Basaal I - P32 - CD86-expression on monocytes and B cells as a tool for thera­peutic drug monitoring of belatacept

G.N. de Graav, D.A. Hesselink, W. Verschoor, M. Dieterich, T. van Gelder, W. Weimar, C.C. Baan

Chair(s): dr. Ron W.F. de Bruin, Erasmus MC, Rotterdam

Thursday 10 march 2016

12:30 - 13:00h at Foyer

Categories: Postersessie

Parallel session: Postersessies XI - Opgesplitst in 3 tijdblokken en 3 categoriëen (klinisch, basaal, donatie)

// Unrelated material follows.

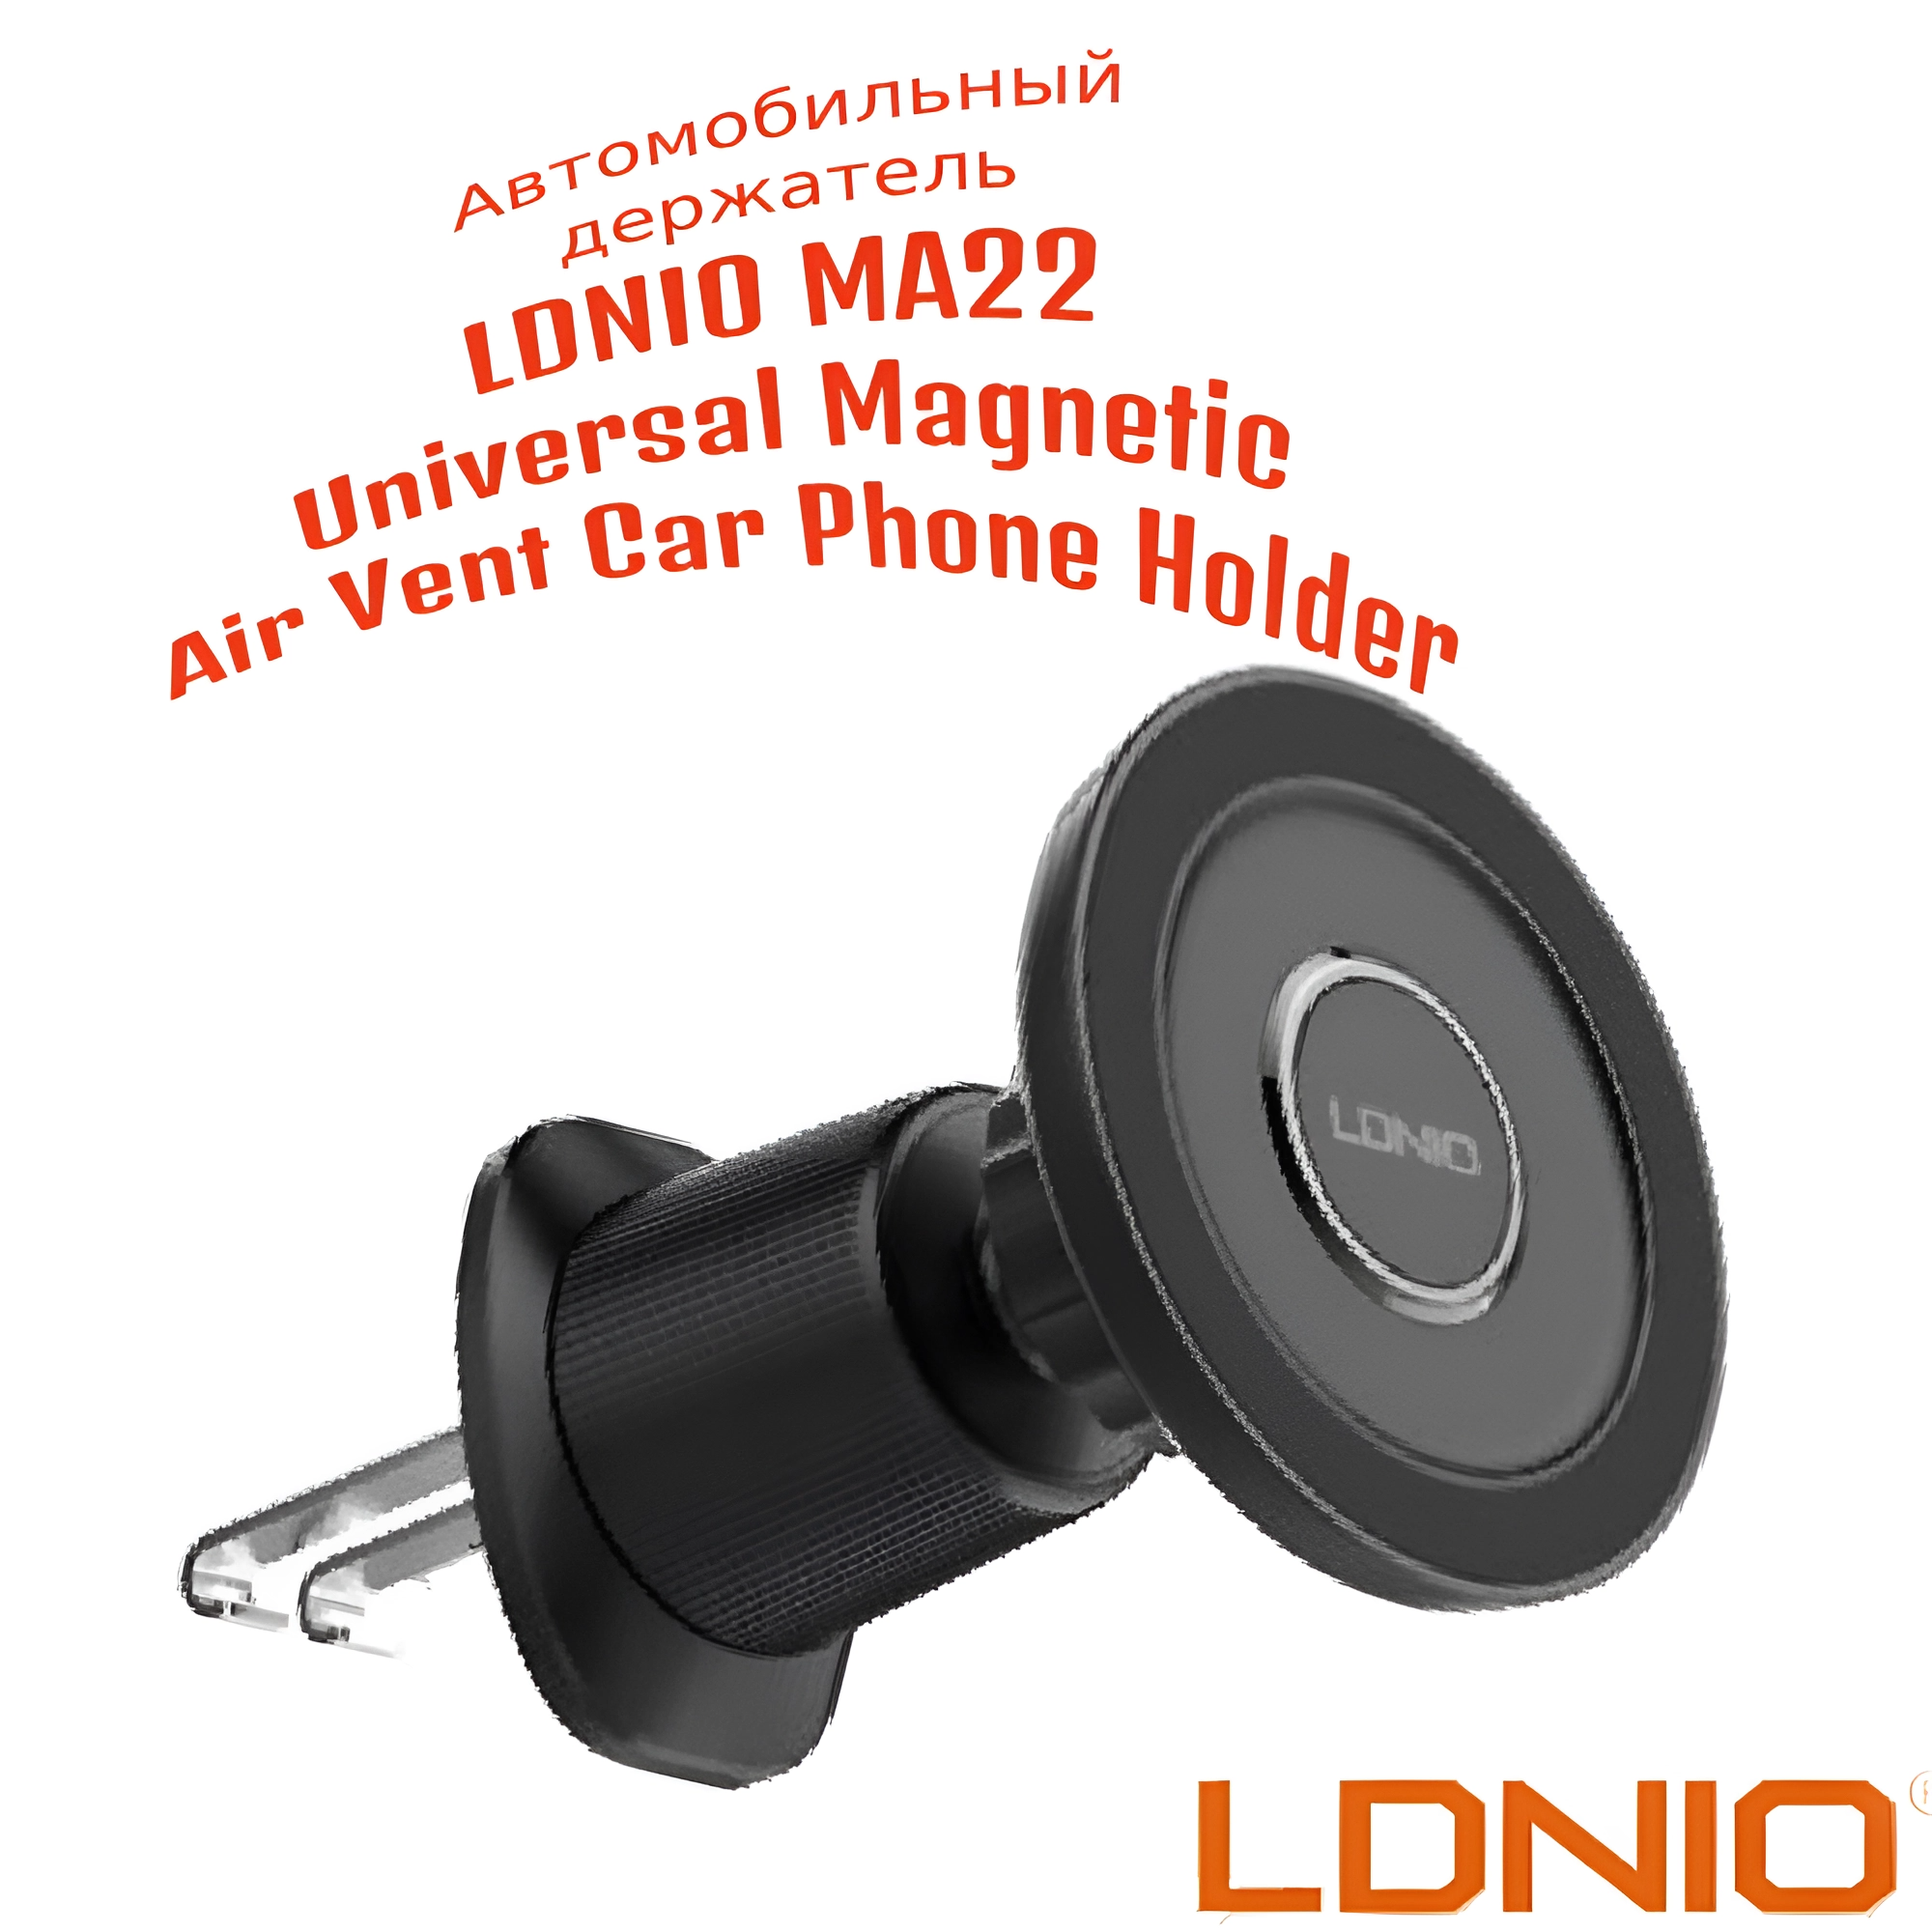 Автомобильный магнитный держатель LDNIO MA22 Universal Magnetic Air Vent Car Phone Holder
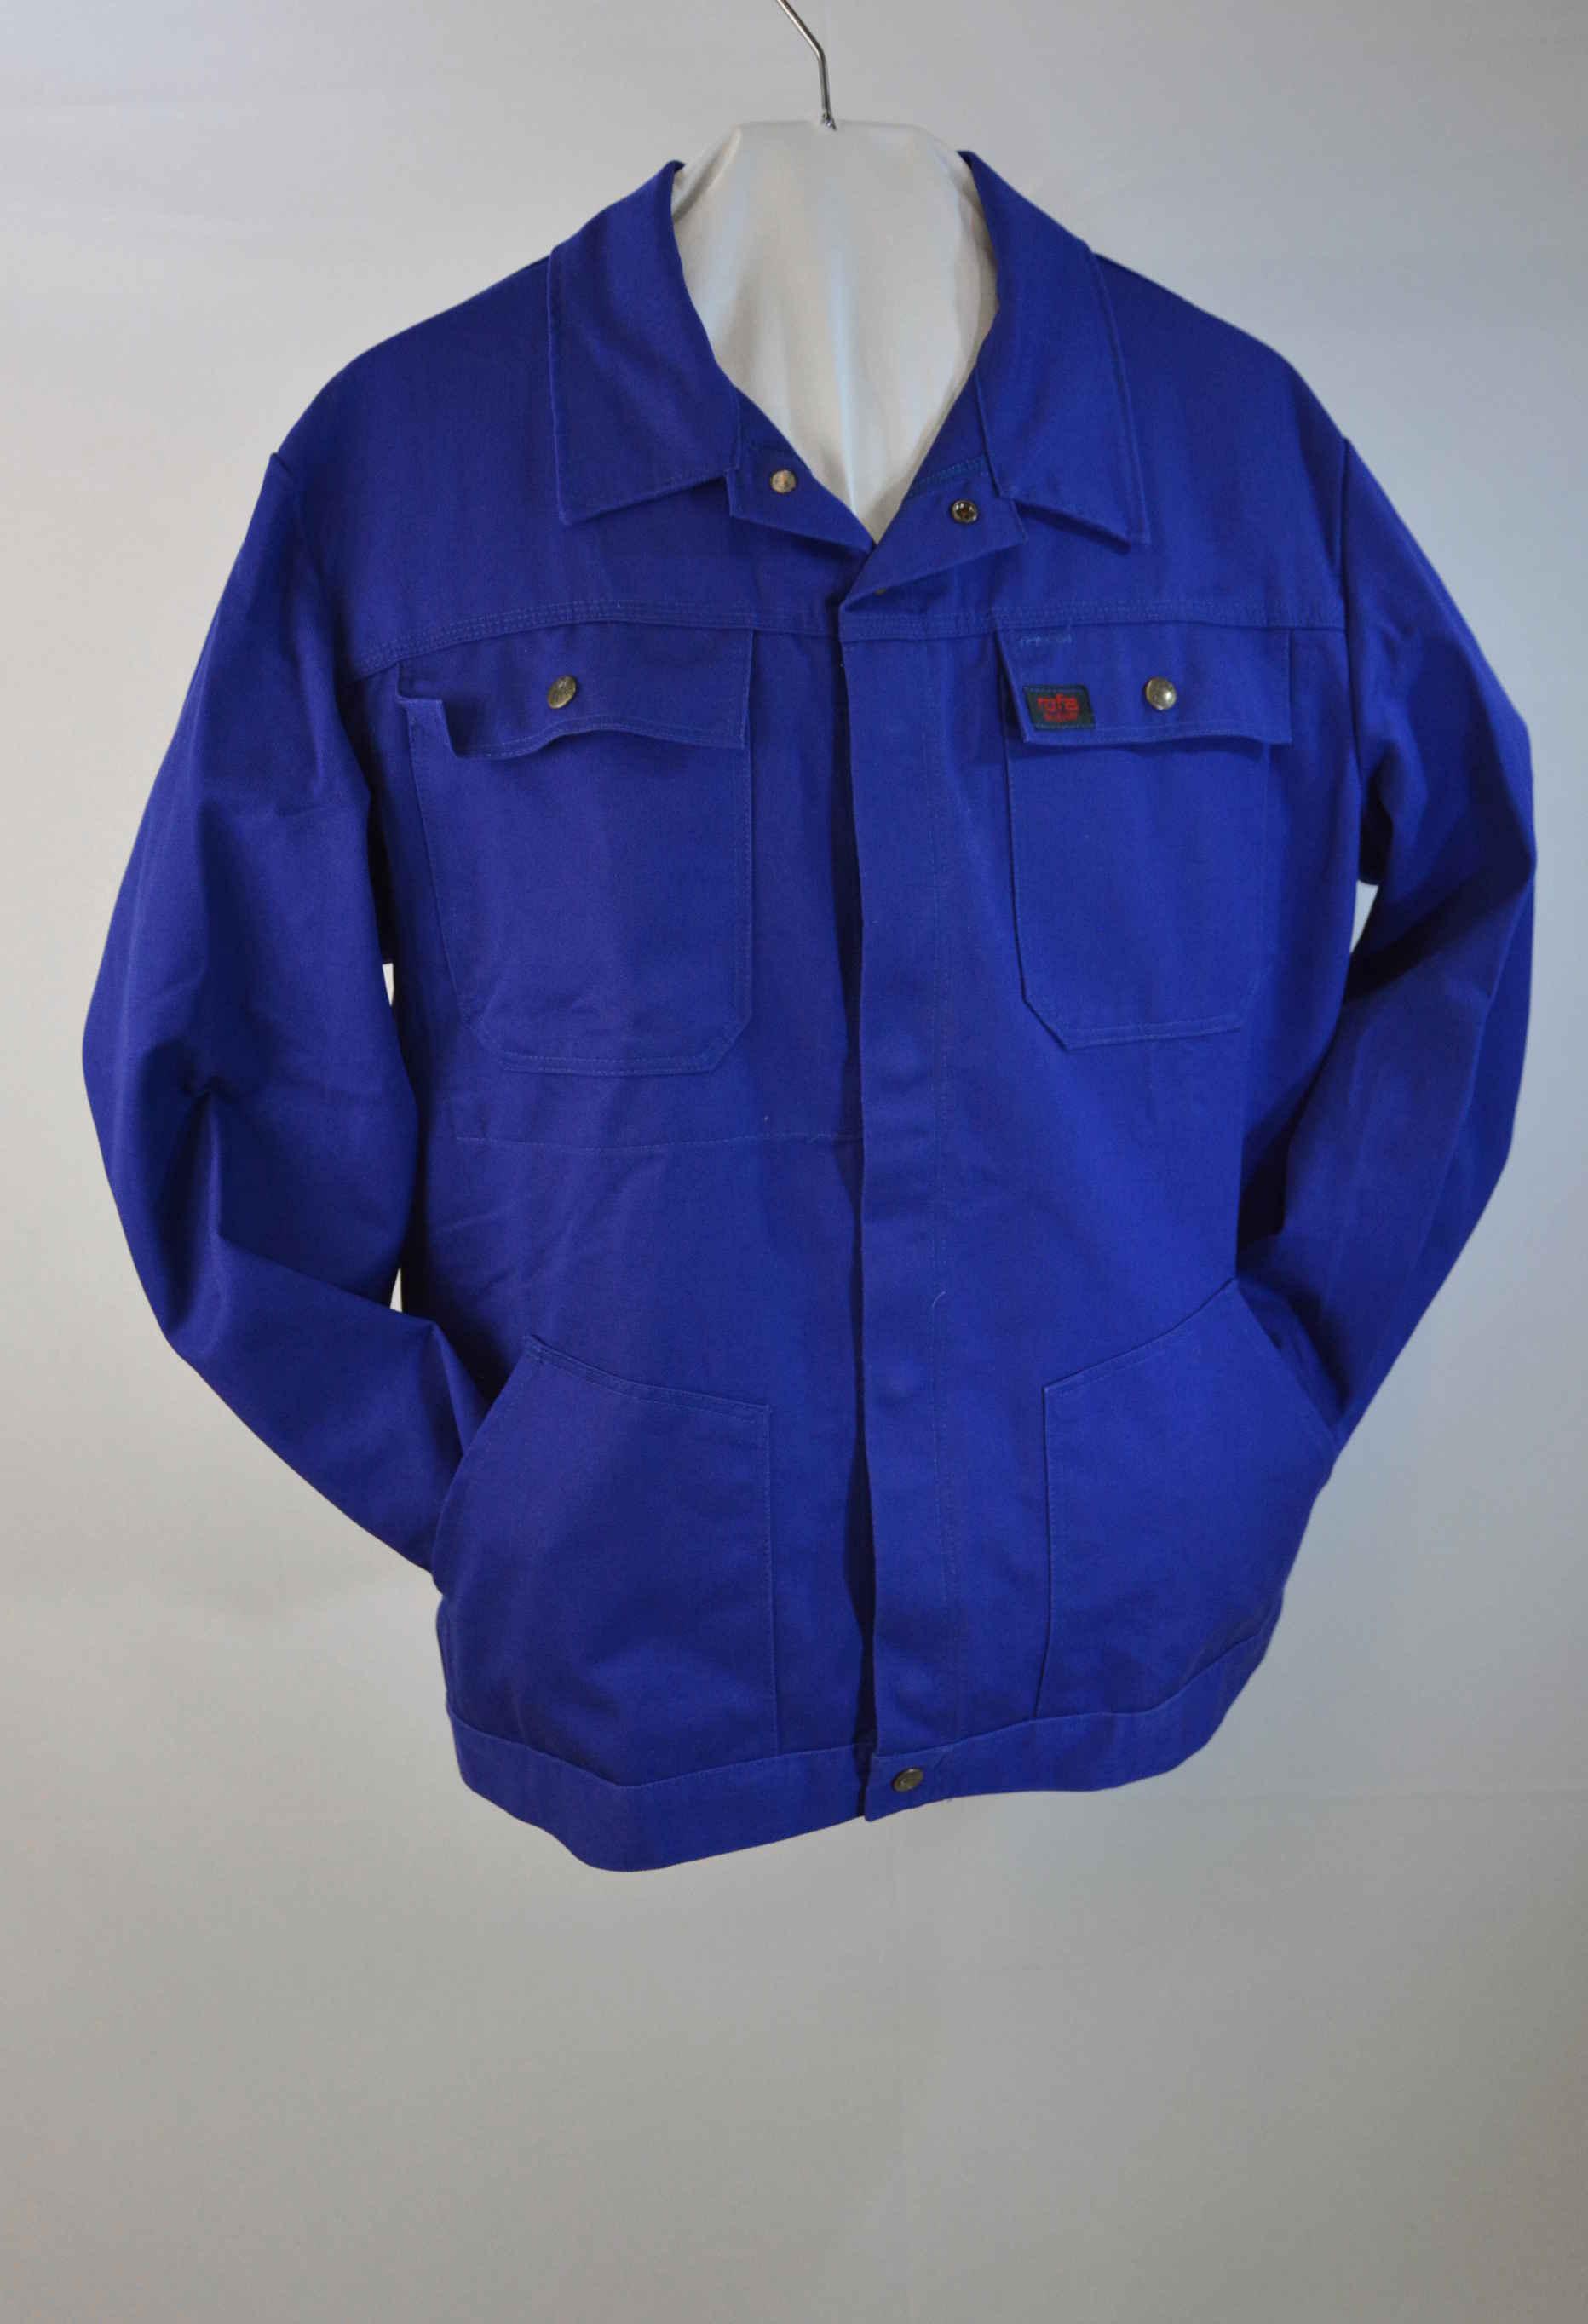 Arbeitsjacke mit zwei Brusttaschen in dunkelkornblau

Belatacept blocks CD28-mediated T-cell activation by binding CD86 on antigen presenting cells. No therapeutic drug monitoring of serum levels is recommended for belatacept, because of low inter-patient variability in pharmacokinetic parameters. We questioned whether the CD86 competition flow cytometry assay on monocytes and on donor-antigen stimulated B cells could be useful as a tool for pharmacodynamic monitoring of belatacept therapy. CD86-expression was assessed on monocytes and donor-antigen activated B cells of patients treated with tacrolimus or the Less-Intensive regimen of belatacept, in the stable situation and during rejection. Before transplantation, flow cytometric analysis of whole blood samples showed that CD86 was expressed on monocytes: median 2029 molecules/cell [1179-4102]. After one dose of belatacept the numbers of free CD86-molecules per monocyte dropped by >85% in all patients (n=17), p=0.0003. In tacrolimus-treated patients (n=19) the expression levels of this co-stimulatory molecule decreased by 33% (p=0.003), significantly less than in belatacept treated patients (p<0.0001). For the entire one year study period the numbers of free CD86-molecules per monocyte remained stable in patients without rejection treated with either belatacept or tacrolimus. Also during rejection the CD86-expression on monocytes was still blocked for >85% in belatacept-treated patients. CD86 was not detectable on circulating B cells and was subsequently studied in vitro after stimulation with donor antigen in the presence and absence of added belatacept. After stimulation, the CD86-expression on B cells increased to ~40%, and was 55% lower in the presence of therapeutic concentrations of belatacept (10 µg/mL) vs. 38% lower with tacrolimus (10 ng/mL), p=0.02. No significant differences were found between CD86-expression on B cells obtained from rejectors or non-rejectors. The fully effective blockade of CD86 on blood monocytes did not prevent the occurrence of rejection, which makes this assay less suitable for TDM to prevent rejection. Belatacept only partly blocked CD86-expression on in vitro donor-antigen re-activated B cells. Since the magnitude of blockade by belatacept was not different between rejectors and non-rejectors, this assay will not be instrumental in improving efficacy of belatacept treatment.